Durch die Analyse großer Datenmengen können Computer etwa frühzeitig Muster von Krankheiten erkennen. Ob ein Mensch einmal krankhaftes Übergewicht entwickeln wird, lässt sich aus den Gesundheitsdaten von Zweijährigen auslesen. Künstliche Intelligenz hilft auch bei der Entwicklung neuer Therapien und Wirkstoffe: Pharmazeutische Unternehmen haben Bibliotheken mit vielen Millionen potenzieller Wirkstoffe, die sie bei der Entwicklung einer neuen Arznei screenen. Künstliche Intelligenz beschleunigt diese Suche enorm. Neue Therapien oder Wirkstoffe können auch am Rechen-Modell überprüft werden. Damit rückt auch eine individuellere Behandlung bei vielen Krankheiten näher.
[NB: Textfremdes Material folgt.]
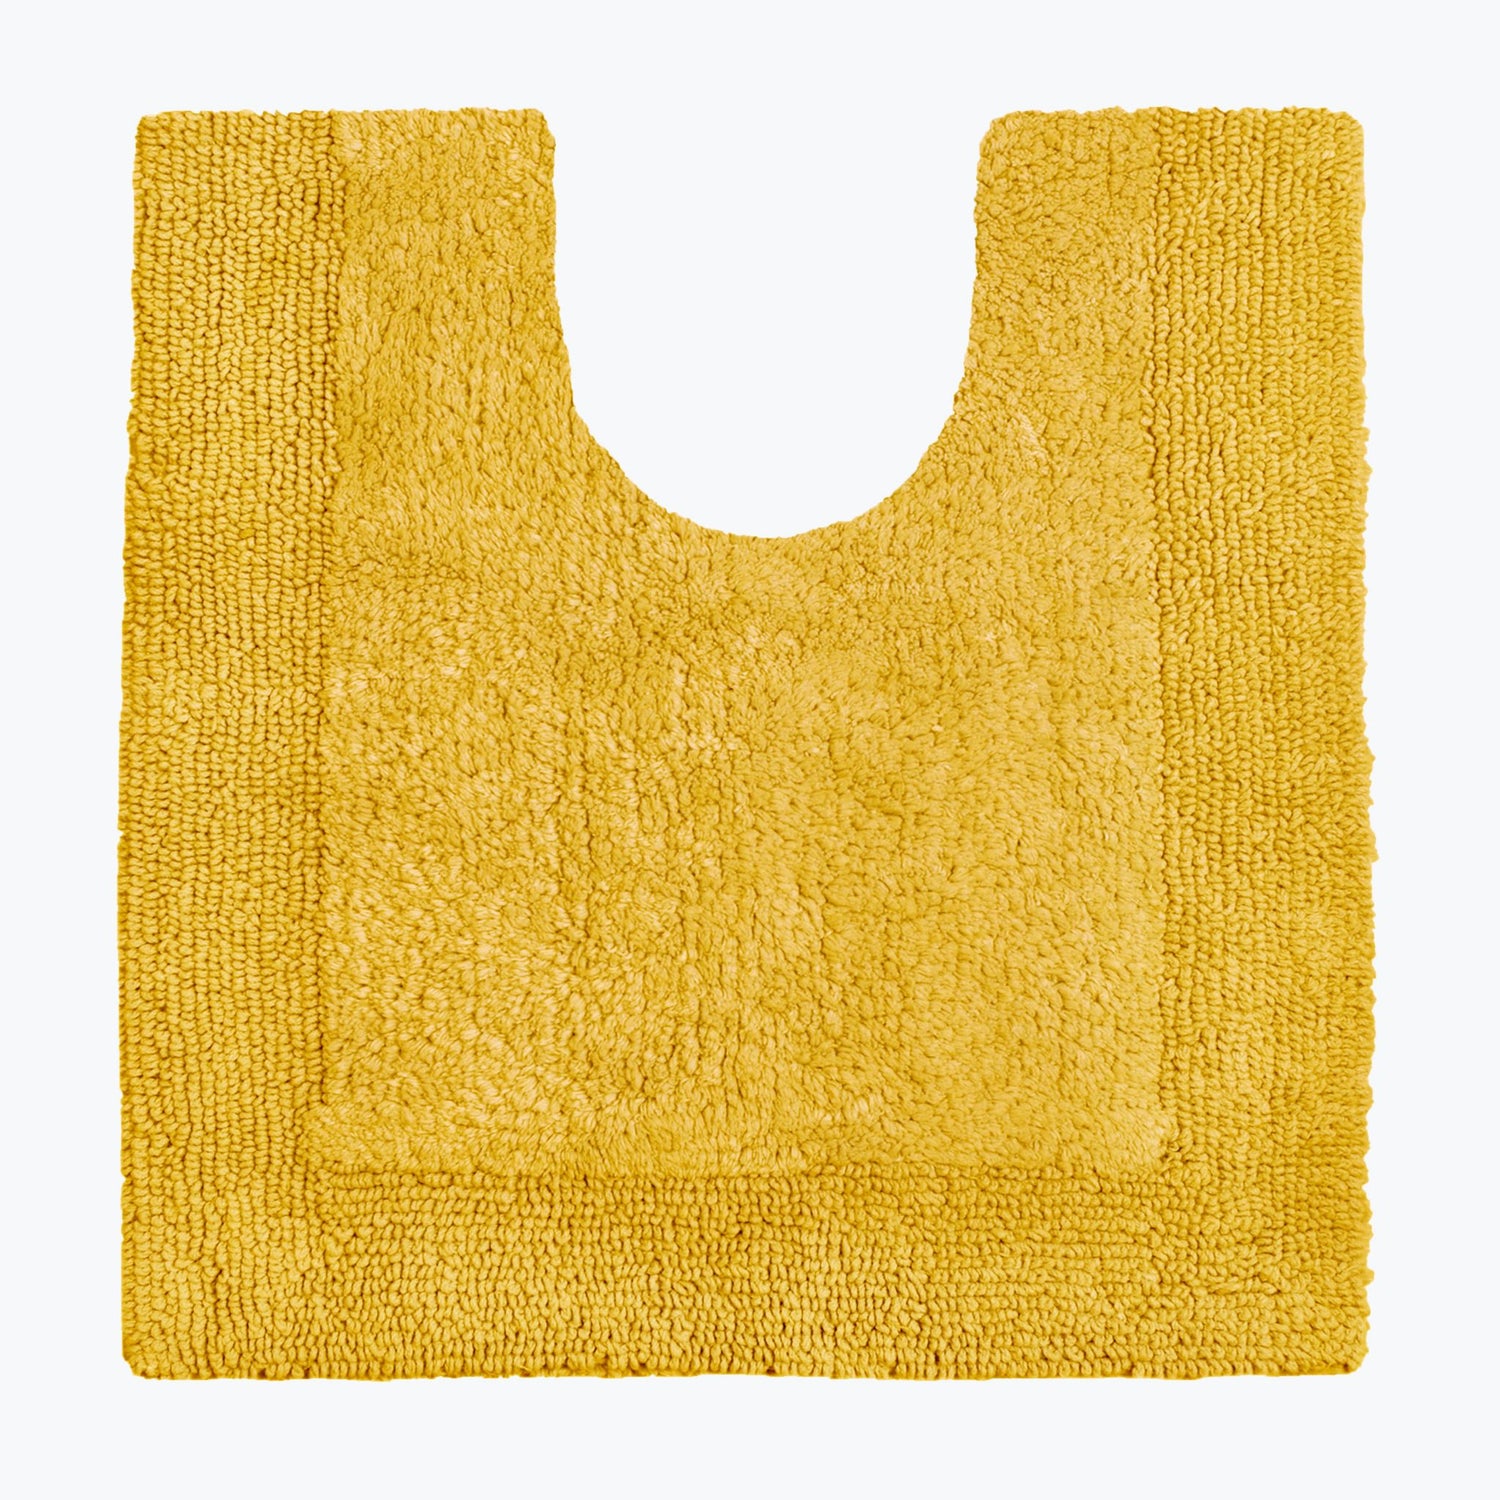 Mustard Pedestal Mat - Cotton Toilet Mat Super Soft and Reversible

Die Sammlung großer Datenmengen weckt aber nicht nur Begeisterung. Was steckt hinter den Bedenken?
Konkret geht es dabei etwa um den Datenschutz, den Schutz der Privatsphäre und die Frage, wer von der Erhebung individueller Gesundheitsdaten profitiert, auch wirtschaftlich. Persönliche Gesundheitsdaten sind sehr sensibel: Arbeitgeber oder Kranken- und Lebensversicherungen könnten bei Bekanntwerden von Krankheitsrisiken betroffene Menschen benachteiligen.
Es gibt auch ethische Bedenken. Welche?
Beim Einsatz von KI stellt sich beispielsweise die Frage, wer Entscheidungen trifft: die Maschine oder der Mensch? Ist es ethisch, in sensiblen Fragen nach Leben und Tod auf eine Maschine zu hören? Wie kann künstliche Intelligenz programmiert werden, damit die Technik stets dem Menschen dient – und nicht etwa andersherum? Ethiker und Theologen fordern, dass KI im Gesundheitswesen nur als digitaler Helfer wirken darf. Die gültige Entscheidung über Diagnose und eine etwaige Therapie müsse weiterhin der Mensch, in diesem Fall der Arzt, treffen. Auch dürften automatisierte Systeme nicht die individuelle, persönliche Zuwendung ersetzen.